New FDA Recommendations for Discontinuation of Long-Acting Beta Agonists Run Counter to Asthma Management Guidelines

Deborah Brauser

March 02, 2010

March 2, 2010 (New Orleans, Louisiana) — The recent safety mandates from the US Food and Drug Administration (FDA) on the use of long-acting beta agonists (LABAs) should be viewed with extreme caution, according experts speaking at a press briefing here at the American Academy of Allergy, Asthma and Immunology (AAAAI) 2010 Annual Meeting.

Last week, the FDA announced that manufacturers of LABAs must now state on product labels that asthma patients should not take these drugs on a long-term basis unless their condition cannot be adequately controlled with other medications such as inhaled corticosteroids.

"Some of the recommendations from the FDA are areas where we need to take added consideration, but there are other areas that are going to create confusion among physicians, and maybe even more so among patients," William W. Busse, MD, professor and chair of the Department of Medicine at the University of Wisconsin School of Medicine and Public Health in Madison, told press and meeting attendees.

Dr. Busse was also chair of the third expert panel, which developed the National Asthma Education and Prevention Program (NAEPP)'s Guidelines for the Diagnosis and Management of Asthma, published in 2007.

"When we created the NAEPP report, we considered the issue of [LABAs] very seriously," said Dr. Busse, noting that everyone is in "total agreement" that LABAs should not be the sole therapy for anyone with persistent asthma.

However, he is concerned with the FDA's recommendation that after asthma control has been achieved with a combination of LABAs and inhaled corticosteroids, LABA use should be stopped as soon as possible.

"Although we spent considerable time in our guidelines talking about step-up therapy, as there are data available supporting this, the step-down process is not well worked out," he explained. "Suddenly stopping medication that is providing a protection for individuals — without good literature experience to back it up — is something we're very concerned about. Their recommendations really run counter to our guidelines."
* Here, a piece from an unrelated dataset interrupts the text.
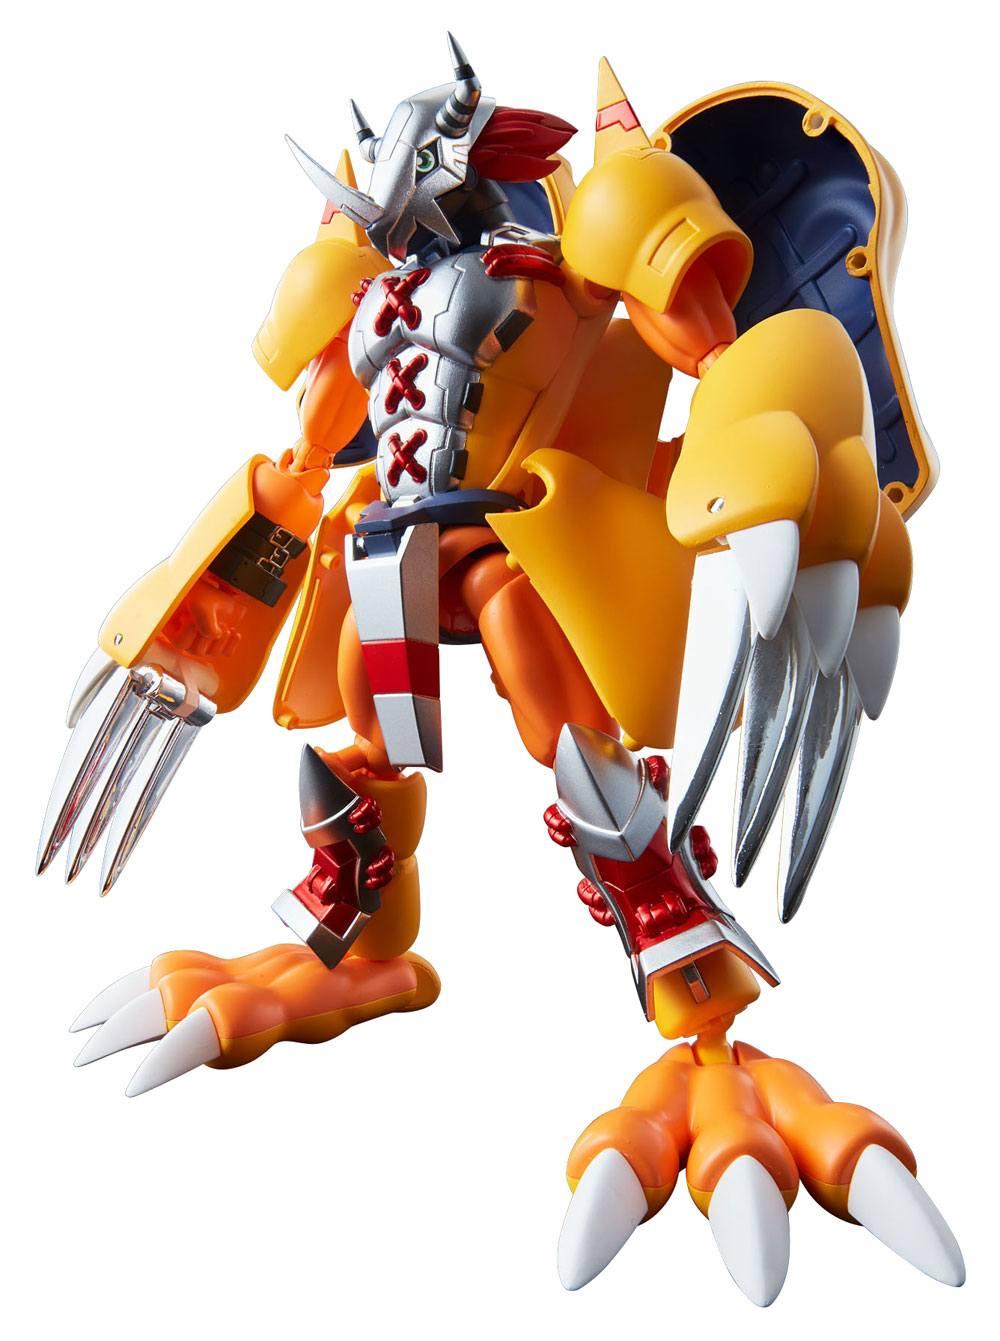 Digimon Adventure Digivolving Spirits Action Figure 01 Wargreymon (Agumon) 16 cm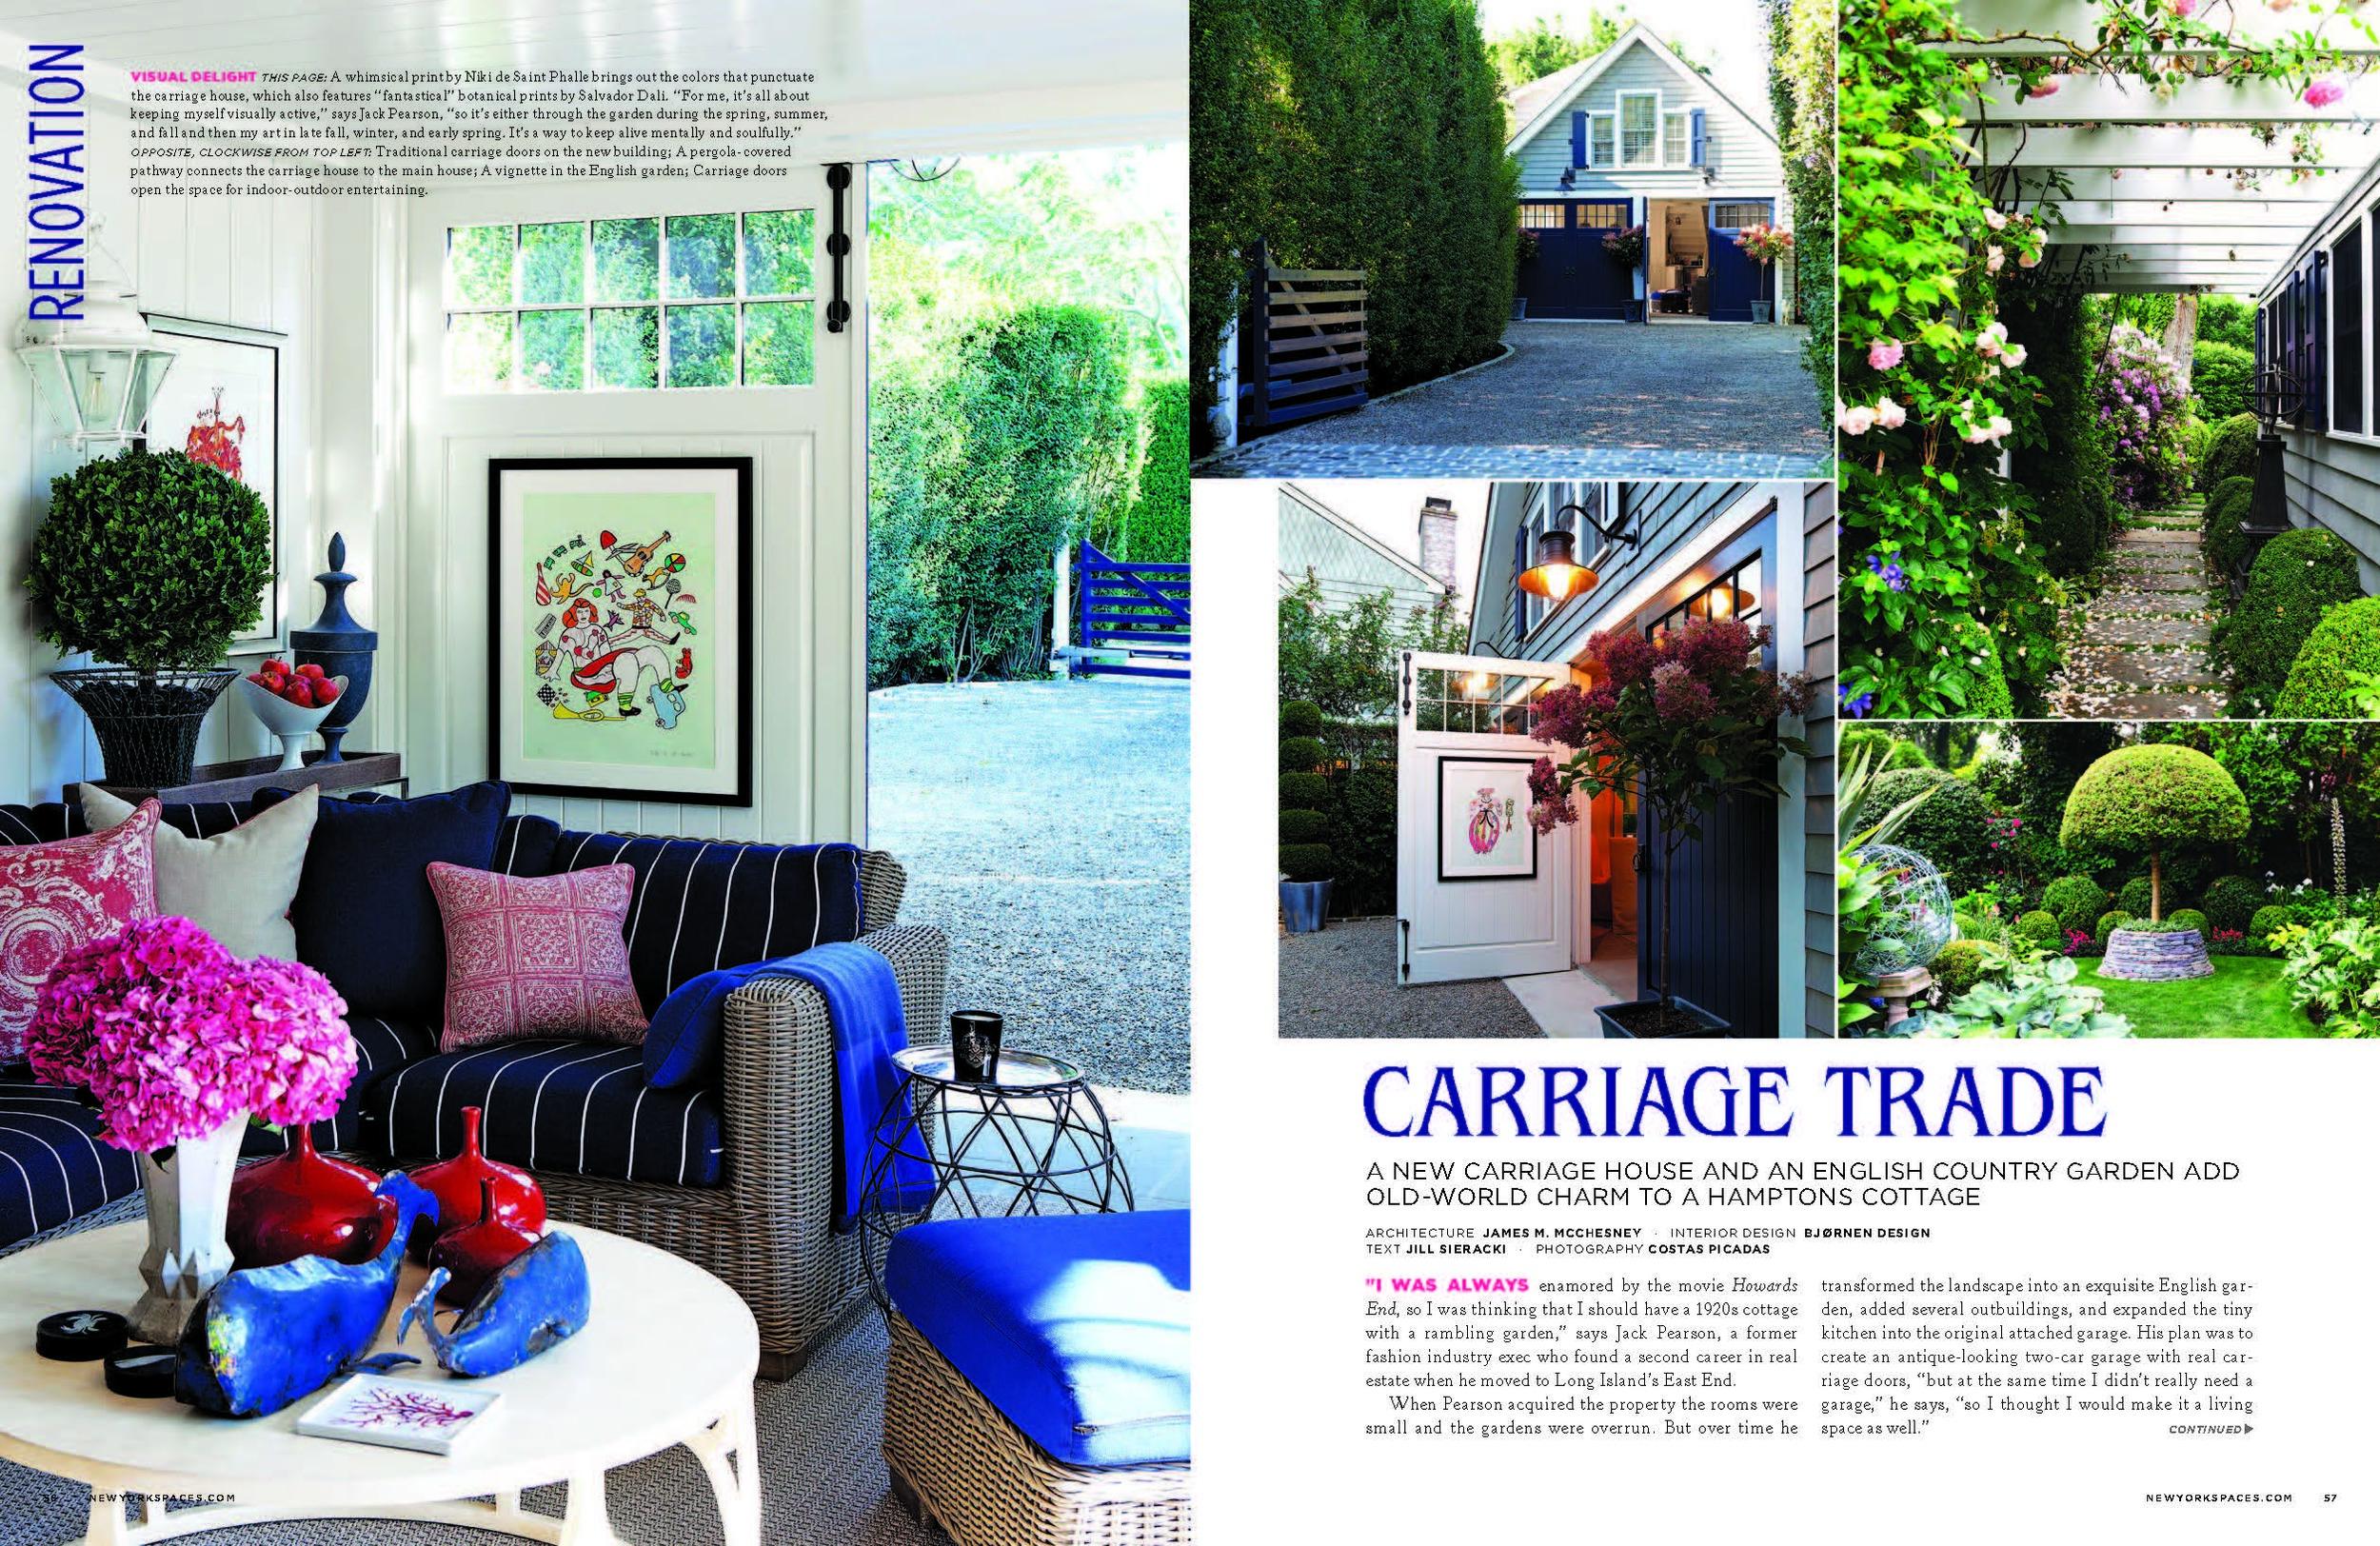 HamptonsCarriageHouse_Page_1.jpg

In addition, Dr. Busse said that the combination therapy has been very effective, showing decreased morbidity, hospitalizations, and exacerbations. "The indices of safety that have been raised [by the FDA] really do not appear in the literature, and we really need to see new data before making dramatic changes in our recommendations."

"As a practicing physician, combination therapy has changed how effective I can be in caring for my patients with asthma," he added. "I feel that control is improved and that they have a more stable disease."

Dr. Robert Lemanske

"Asthma isn't a single disease and limiting our choices of interventions takes away the effectiveness of our treatment of both adults and children," agreed Robert F. Lemanske Jr, MD, professor and head of the Division of Pediatric Allergy, Immunology, and Rheumatology at the University of Wisconsin, who was also a member of the third expert panel.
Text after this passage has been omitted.